Sol para todos
Esse é mais um caso verídico da minha lavra de trabalhos humanitários em prol de outras pessoas. Corria o final do ano de 1.984. Estava nessa época prestando serviço na fiscalização de tributos de Mato Grosso, na condição de servidor celetista, ou melhor dizendo, não era concursado, era apenas contratado. Implica dizer que não gozava de estabilidade no serviço público e sendo assim, por qualquer motivo poderia ser dispensado do cargo sem direito a qualquer tipo de indenização ou benefício legal. A minha família era composta de minha companheira mais um casal de filhos. Morava de aluguel e a vida andava devagar e sem grandes perspectivas salariais. Enfrentava obstáculos gigantescos para sobreviver e, por isso, almejava submeter-me a um concurso público. No finalzinho do ano de 1.984, saiu o edital do Concurso Público para o cargo de Agente de Fiscalização e Arrecadação dos Tributos Estaduais de Mato Grosso. Me inscrevi de imediato, pensando freqüentar uma escola específica para concurso público. Cheguei a freqüentar uma escola criada somente para os funcionários do fisco que não eram concursados. Participei de algumas aulas, mas notei que se continuasse nessa escola, iria perder muito tempo, pois o nível de escolaridade de alguns colegas de fisco deixava muito a desejar. Objetivando não perder tempo, decidi que não mais freqüentaria aquela escola e resolvi criar meu laboratório de estudos em minha própria residência, ensejando estudar com profundidade toda a programação constante no referido edital.

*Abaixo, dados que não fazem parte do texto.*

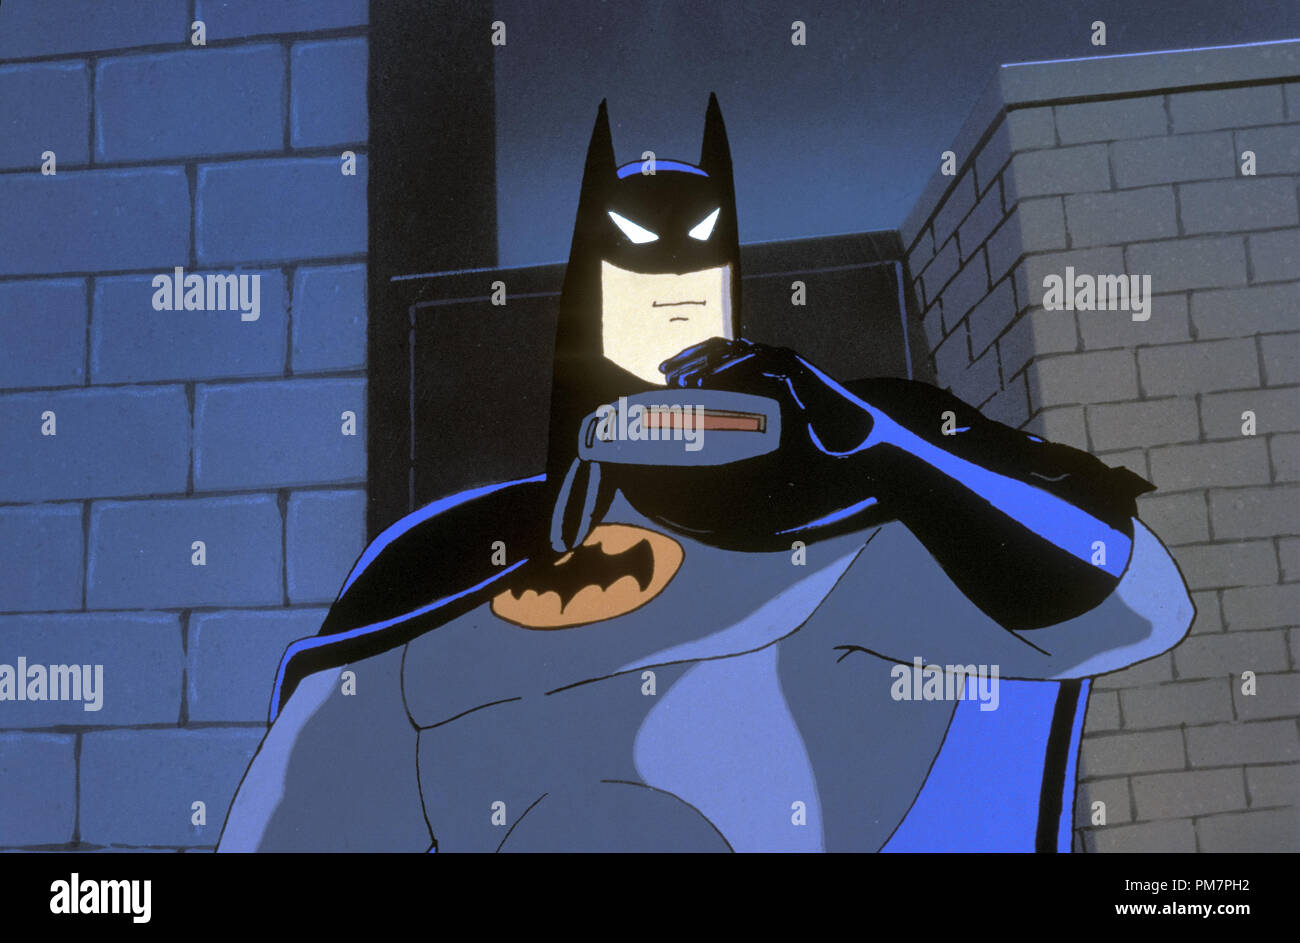 Batman fantasma pelicula batman fotografías e imágenes de alta resolución -  Alamy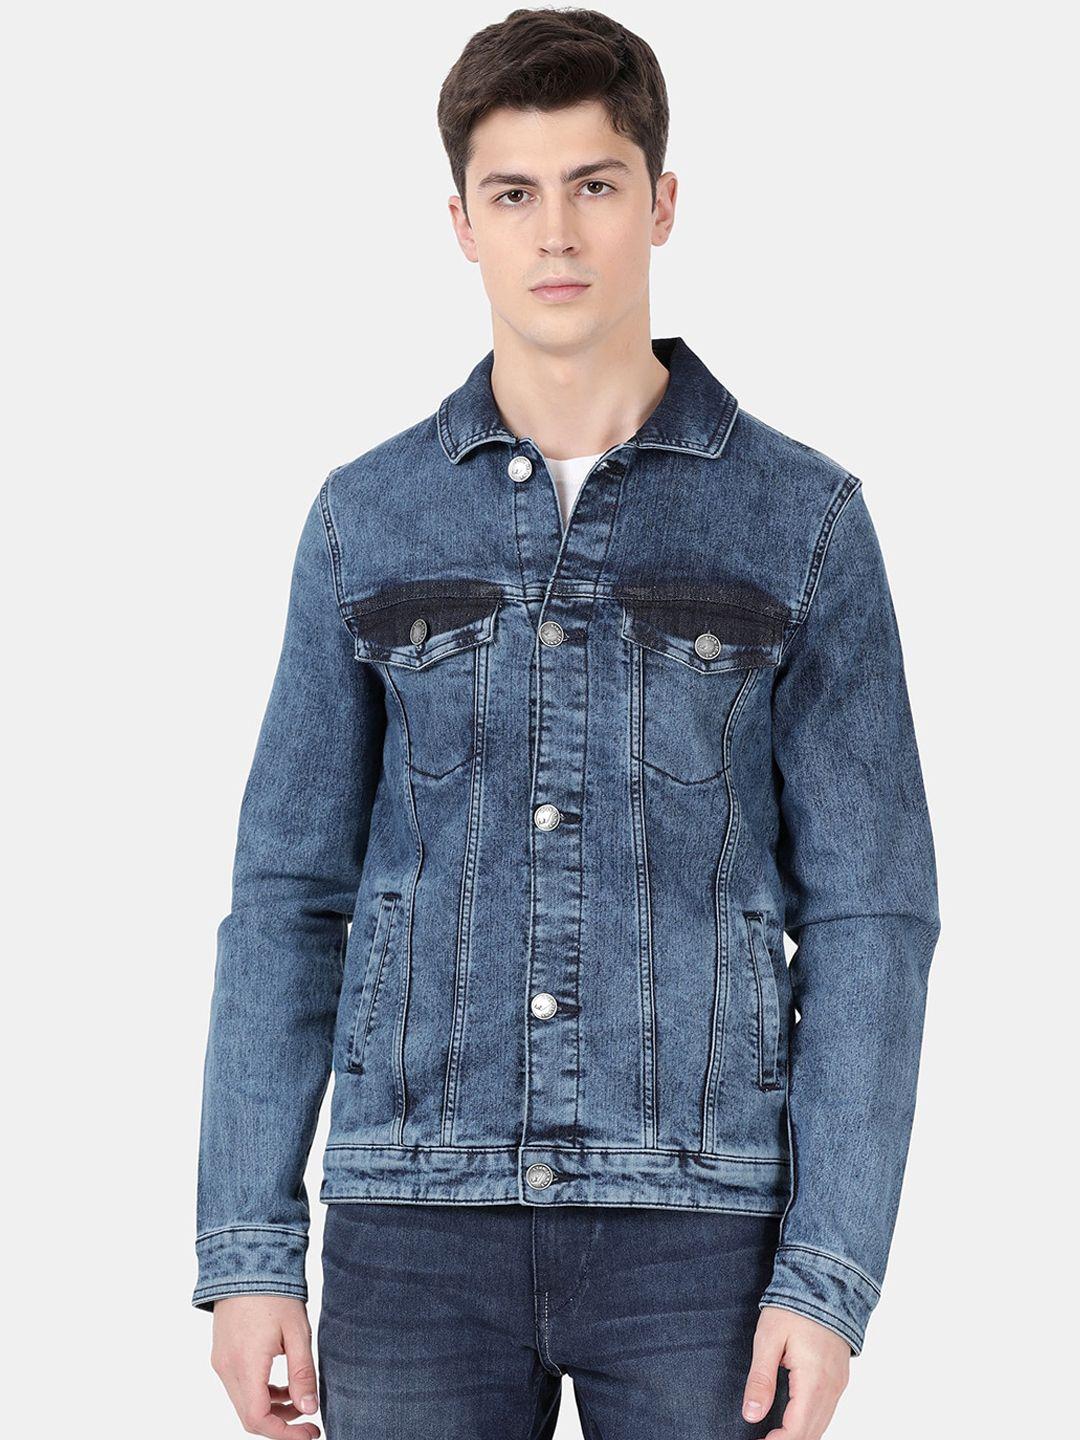 llak jeans men blue washed denim jacket

A proprietária da casa onde eu residia era a senhora, Valdenora, que residia em um barracão aos fundos da residência que me alugara. Sabendo do meu intento em estudar para o referido concurso, a senhora Valdenora procurou-me dizendo que o filho dela, o Pethersen Batista do Nascimento também estava pretendendo fazer o concurso, principalmente porque no serviço de corretagem onde trabalhava, ganhava muito pouco. Sabedor de que o Pethersen era arrimo de família, resolvi então convidá-lo a estudar comigo, o que, de certa forma, para ele já representava uma vantagem a mais, pois além de eu já pertencer ao quadro do fisco mato-grossense, poderia lhe passar todos os conhecimentos que possuia na área de Legislação Tributária e na de Prática e Procedimentos Fiscais, que eram justamente as disciplinas que ferrava o pessoal que não pertencia ao fisco quando prestava concurso para os quadros da fiscalização. Tudo preparado para o início dos estudos, eis que me aparece o Pethersen, acompanhado por um seu amigo, o Paulo Afonso, que também desejava fazer parte dos nossos estudos visando o Concurso Público. O Paulo me perguntou quanto cobraria para que ele participasse do grupo de estudos? Eu lhe respondi que tanto ele, como o Pethersen, não desembolsariam nenhum centavo para participarem, e que eu só exigia que prestassem bastante atenção nas aulas e procurassem não faltar para não ter que repetir determinado assunto estudado em cada dia de aprendizado. Determinei que só estudaríamos no período noturno das 19:00 às 24:00 horas, portanto um período de 5 hs diárias, e que as aulas se estenderiam aos sábados, domingos e feriados. Aconteceu, porém, que não nos atínhamos somente ao período de 5 horas diárias e na maioria das vezes, encerrávamos os estudos com o dia amanhecendo, dado o interesse demonstrado pelos mesmos, o que colaborou em muito para destrincharmos todas as apostilas, não deixando nada sem resposta.
Por ter formado esses grupo de estudos, consegui ganhar a antipatia de alguns de meus colegas fazendários, que eram unânimes em afirmar que o que eu estava fazendo não era admissível, pois, ao ensinar legislação tributária aos de fora dos quadros do fisco, estaria criando cobras para morder nossos colegas, pais de família, que precisavam passar no concurso para consolidarem suas situações dentro da fiscalização mato-grossense, uma vez que já pertenciam aos quadros da Secretaria de Fazenda, na condição de contratados e nomeados por ato governamental. Todas as vezes que saiam com essas desproposituras, eu dizia que embora eles pensassem dessa forma, eu, por outro lado, achava e sempre acharei que o sol nascera para todos. Não dando muita bola ao que diziam, continuávamos nossos estudos com dedicação, garra e, sobretudo, vontade de melhorar de vida. Não deu outra, no mês de maio de 1.985 prestamos o concurso e todos os integrantes desse meu grupo de estudo passaram e hoje são meus colegas e se revelaram excelentes fiscais. Fiquei muito gratificado em ter colaborado com pessoas pobres que precisavam de uma chance na vida. Hoje tanto o Paulo, como o Pethersen, possuem casa própria e cada um deles tem seu carro na garagem, além do que, melhoraram ostensivamente o nível de vida de suas famílias.